FAK activation contributes to the initiation and progression of iCCA by inducing the YAP proto-oncogene. Targeting FAK, either alone or in combination with anti-CDK4/6 inhibitors, may be an effective strategy for iCCA treatment.
We found that the protein FAK (focal adhesion kinase) is upregulated and activated in human and mouse intrahepatic cholangiocarcinoma samples. FAK promotes intrahepatic cholangiocarcinoma development, whereas deletion of FAK strongly suppresses its initiation and progression. Combined FAK and CDK4/6 inhibitor treatment had a strong anti-cancer effect in in vitro and in vivo models. This combination therapy might represent a valuable and novel treatment against human intrahepatic cholangiocarcinoma.
黏着斑激酶(FAK)是一种非受体酪氨酸激酶,在许多肿瘤类型中上调,是癌症治疗的一个有前途的靶点。在此,我们阐明了 FAK 在肝内胆管癌(iCCA)发展和进展中的功能作用。
测定了人 iCCA 样本中 FAK 的表达水平和激活状态。分别使用条件性 Fak 敲除小鼠和组成型 Cre 或诱导型 Cre 小鼠,研究了 FAK 对 Akt/YAP 小鼠 iCCA 起始和进展的功能贡献。通过在小鼠中过表达 FAK 进一步研究了 FAK 的致癌潜力。应用体外细胞系研究和体内药物治疗来解决针对 FAK 治疗 iCCA 的治疗潜力。

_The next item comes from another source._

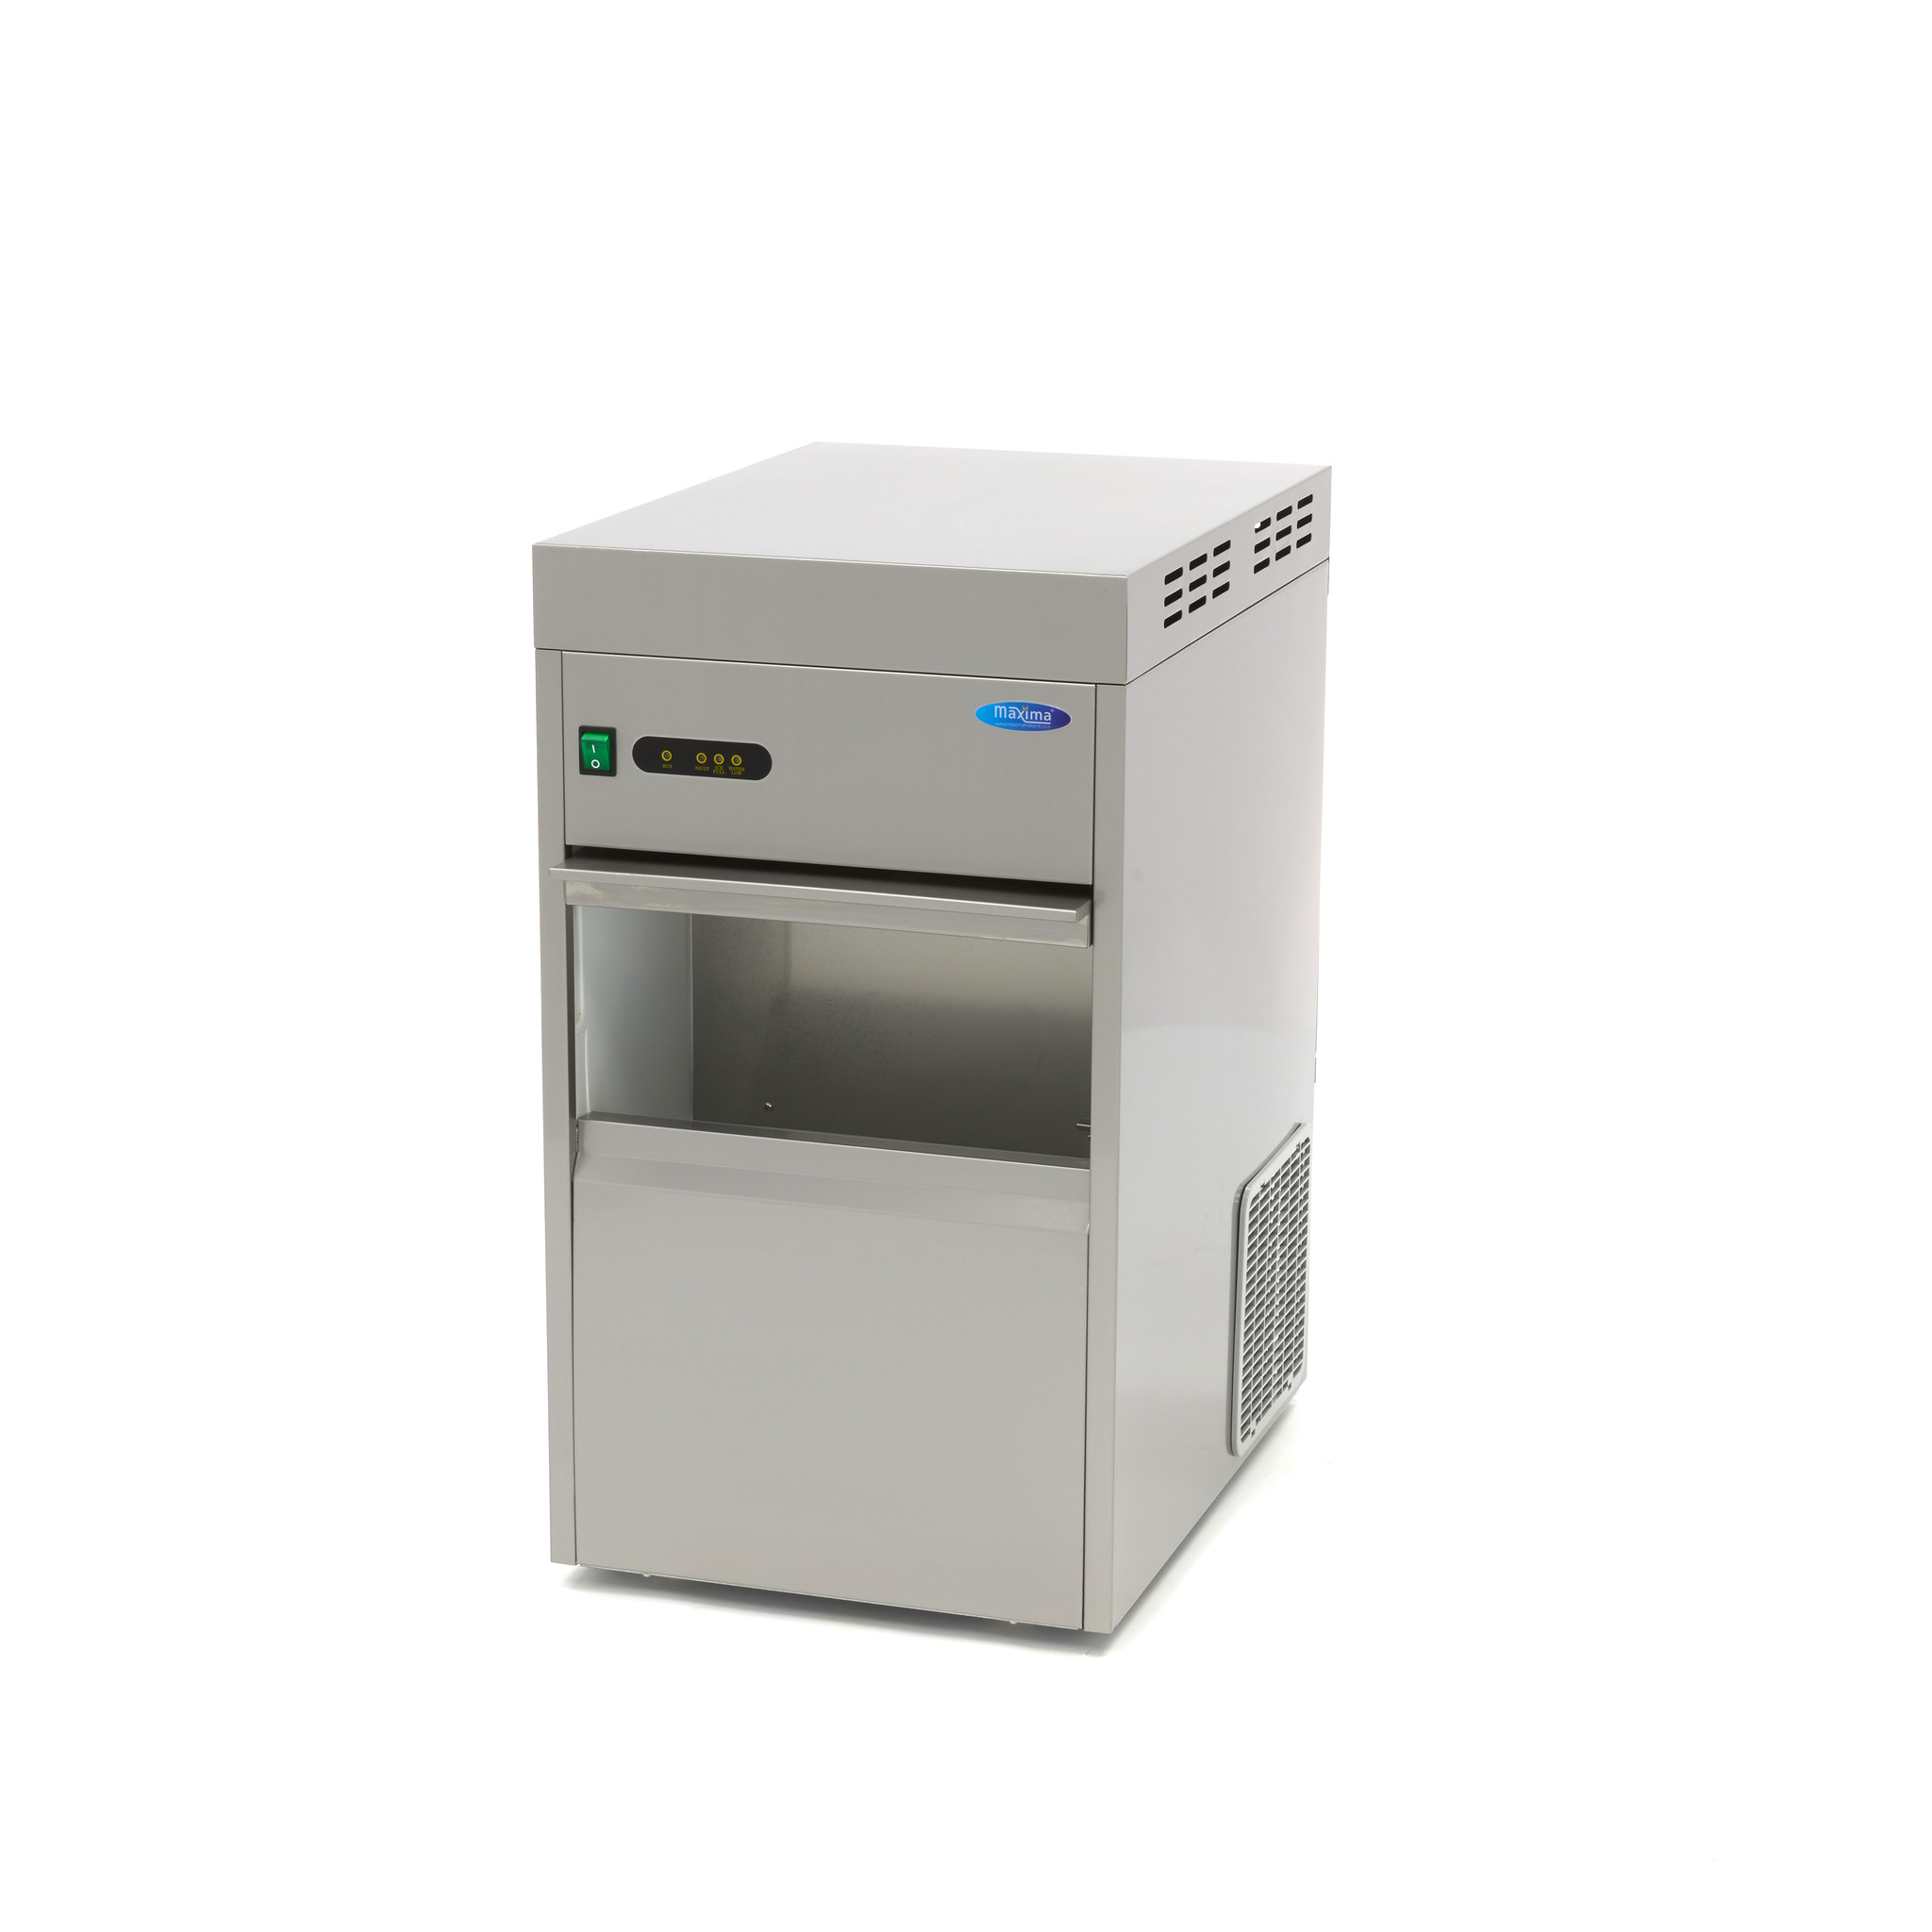 Maxima Flake Ice Crushed Ice Machine M Ice 50 Flake Maxima Kitchen Equipment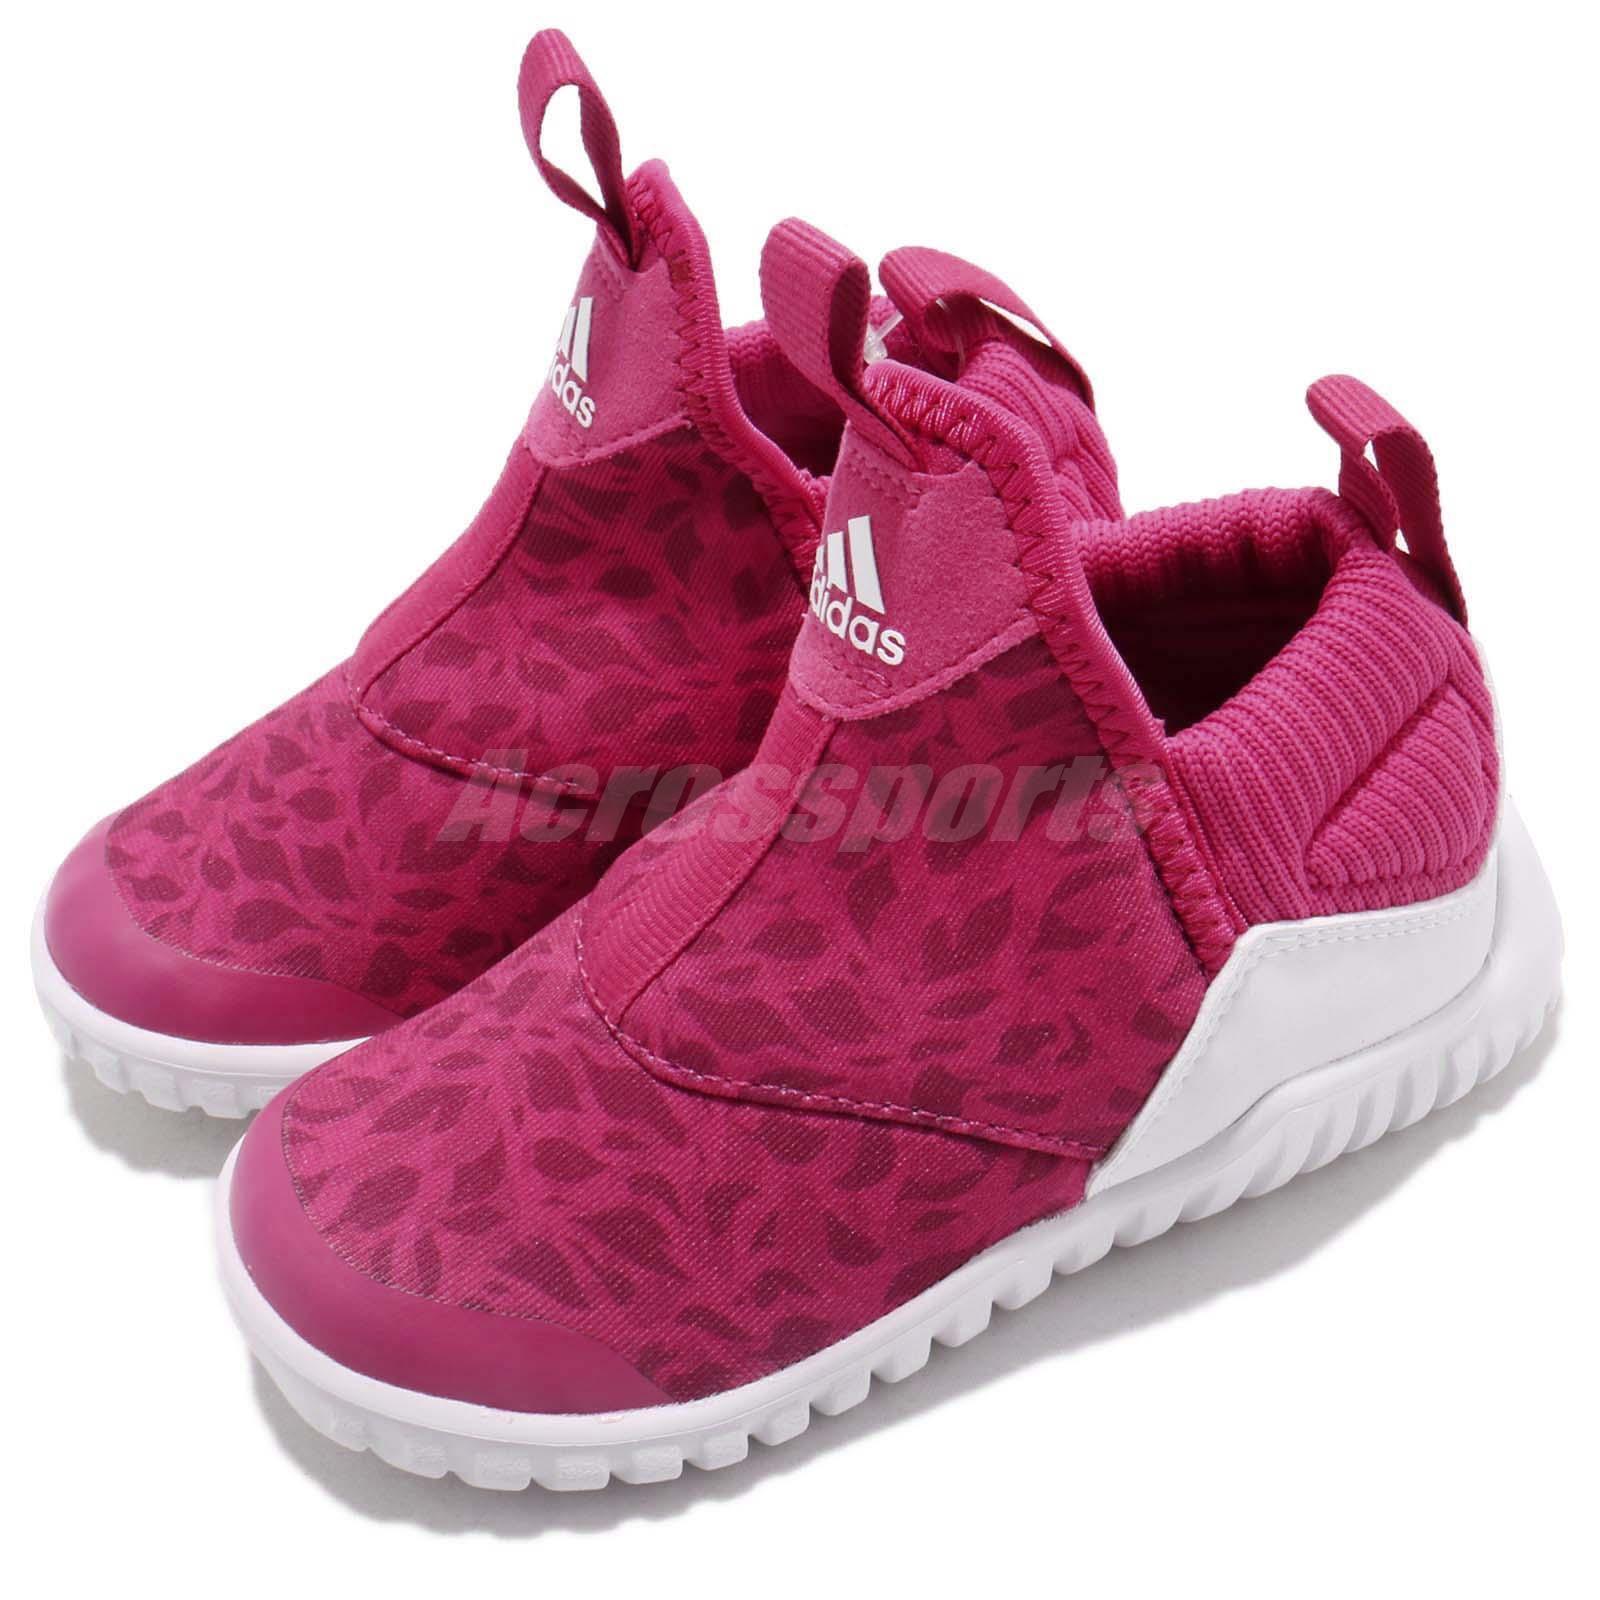 Adidas RapidaZen I Pink White TD Toddler Infant Baby Slip On shoes Sneaker B96350

FAK 在 iCCA 病变中广泛上调和激活。FAK 的缺失强烈延迟了 Akt/YAP 驱动的小鼠 iCCA 起始。FAK 的过表达与激活的 AKT 协同作用,促进 iCCA 的发展,并加速 Akt/Jag1 驱动的胆管癌发生。在机制上,FAK 是 YAP(Y357)磷酸化所必需的,支持 FAK 作为 iCCA 中中央 YAP 调节剂的作用。重要的是,在 Akt/YAP 依赖性 iCCA 形成后,FAK 的缺失强烈抑制了小鼠肿瘤的进展。此外,在人类 iCCA 细胞系和 Akt/YAP 小鼠中同时给予 FAK 抑制剂和 palbociclib(一种 CDK4/6 抑制剂),可显著抑制 iCCA 的生长。
FAK 的激活通过诱导 YAP 原癌基因促进 iCCA 的起始和进展。单独靶向 FAK 或与抗 CDK4/6 抑制剂联合使用,可能是 iCCA 治疗的有效策略。
我们发现蛋白 FAK(黏着斑激酶)在人及鼠肝内胆管癌样本中上调和激活。FAK 促进肝内胆管癌的发展,而 FAK 的缺失强烈抑制其起始和进展。在体外和体内模型中,FAK 和 CDK4/6 抑制剂联合治疗具有强烈的抗癌作用。这种联合治疗可能是针对人类肝内胆管癌的一种有价值的新治疗方法。